Input data:

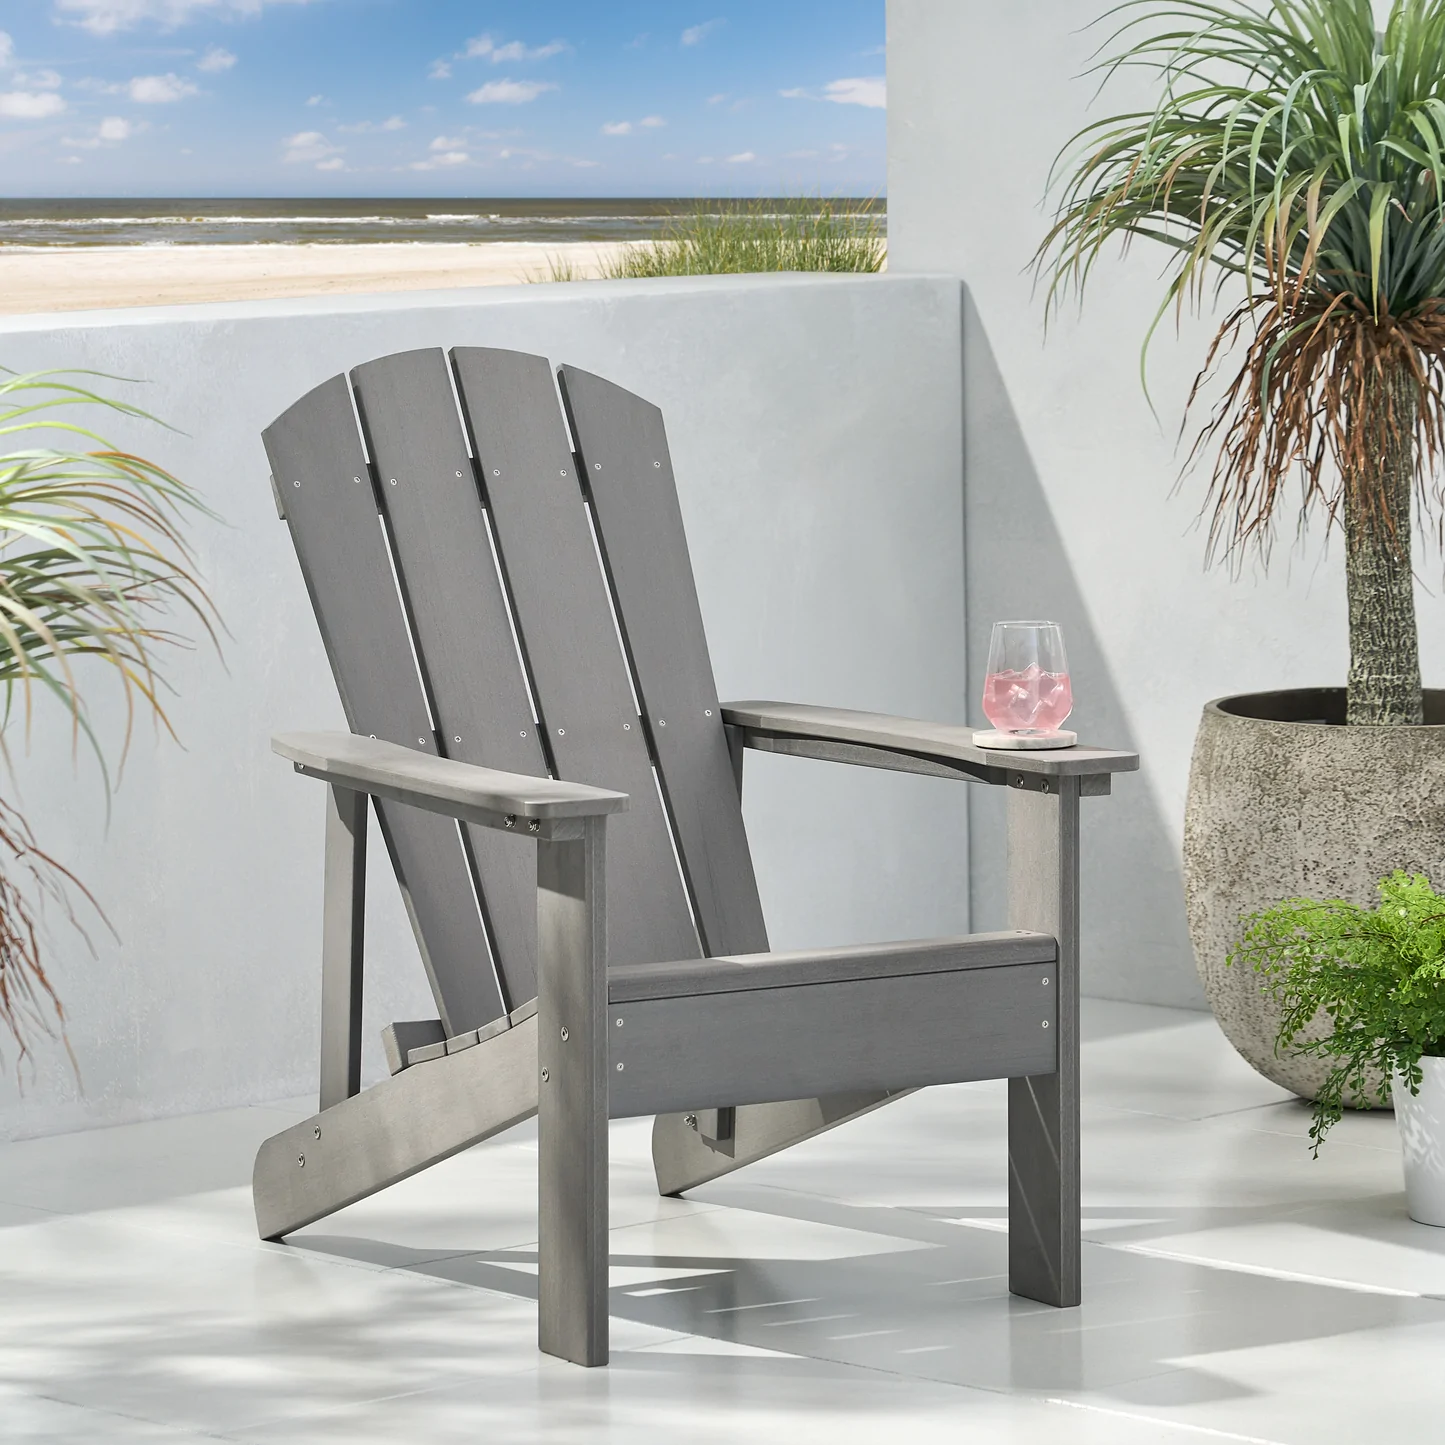 KUIKUI Classic Solid Gray Outdoor Solid Wood Adirondack Chair Garden Lounge Chair - image 1 of 8
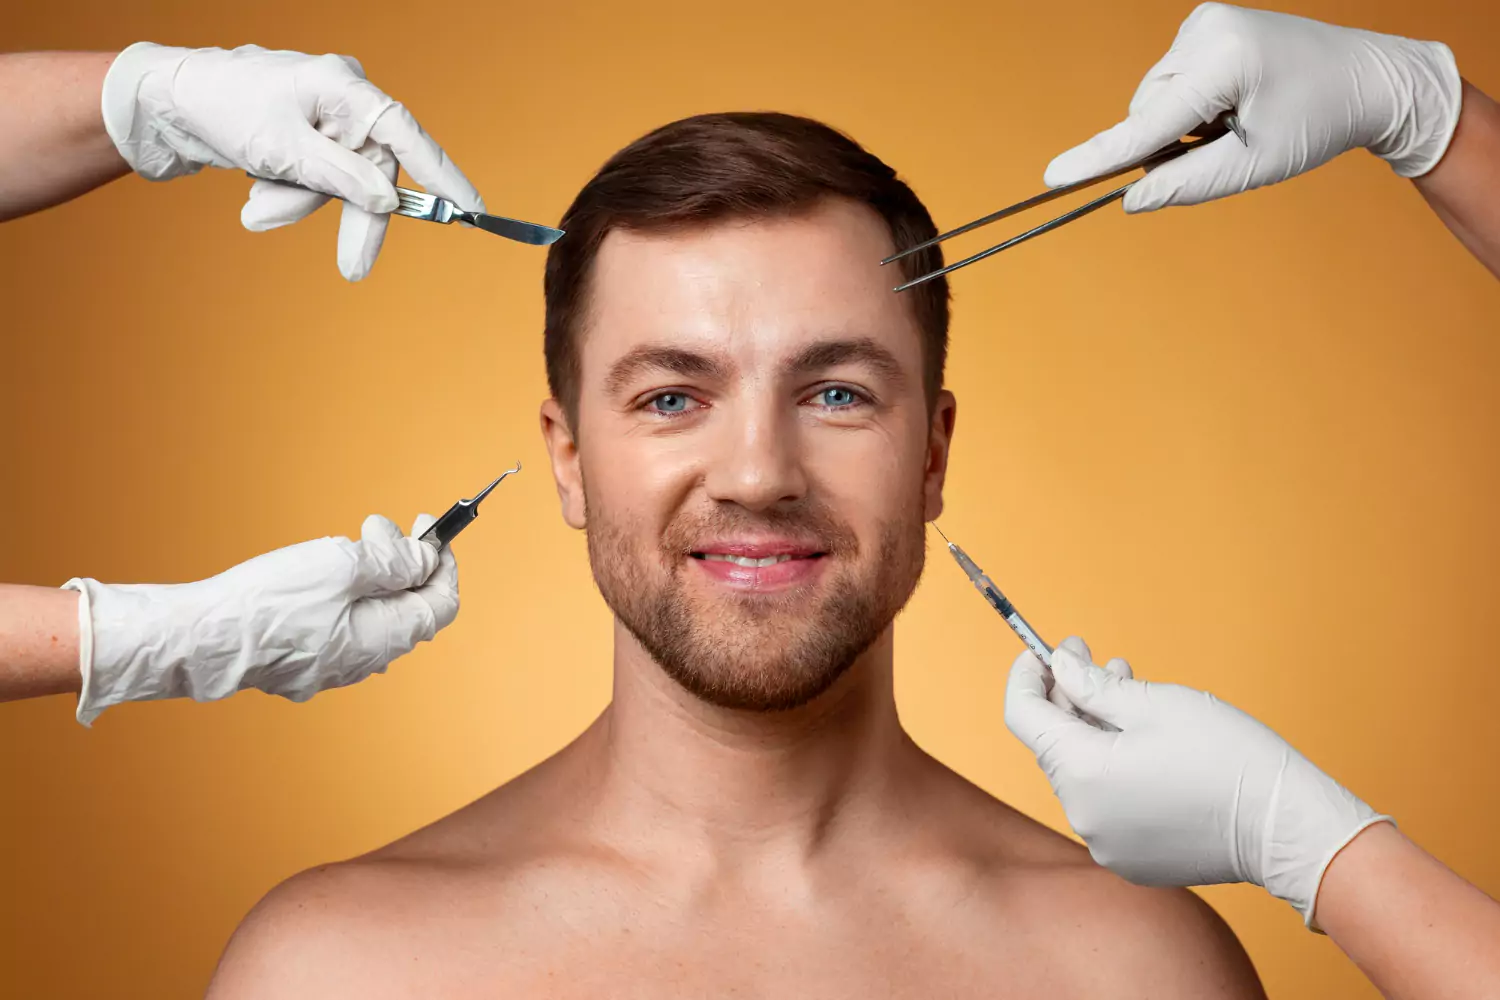 Men and Botox: Why More UK Men Are Choosing This Treatment
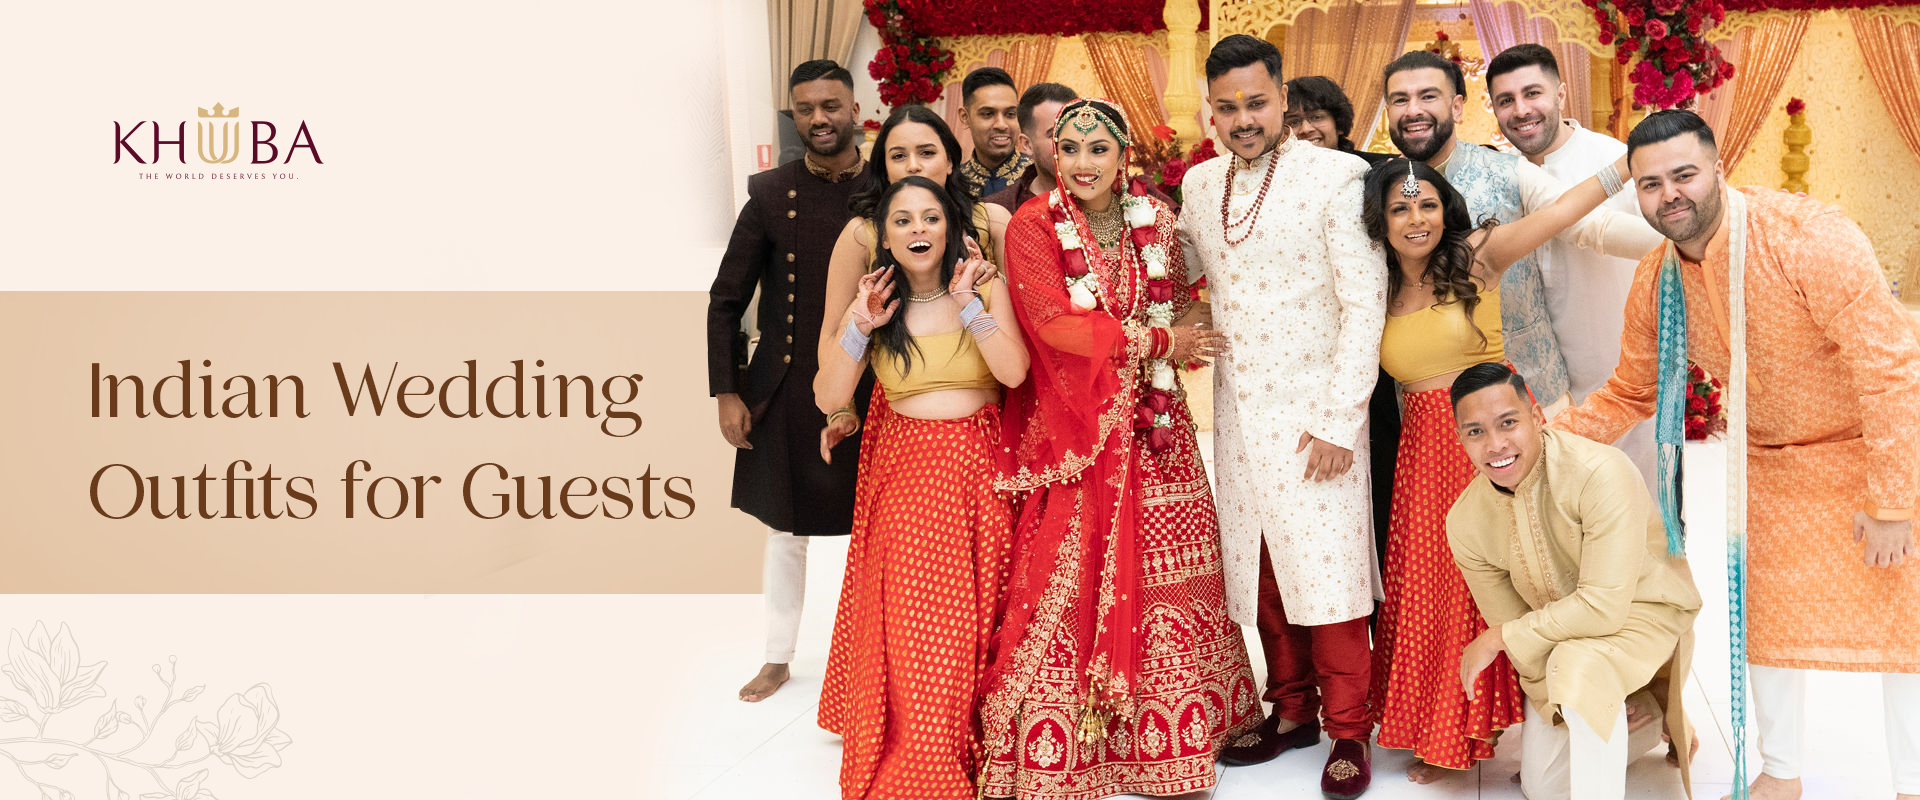 How To Integrate RED Colour in Your Wedding - #SSGoesColourful | Wedding  dresses men indian, Groom dress men, Groom outfit

Activity:
Copy out exactly the lines that run from the line containing "Men and Botox: Why" through the last line of the material, and nothing more; omit the pictures.

Answer box:
 Men and Botox: Why More UK Men Are Choosing This Treatment
 How To Integrate RED Colour in Your Wedding - #SSGoesColourful | Wedding  dresses men indian, Groom dress men, Groom outfit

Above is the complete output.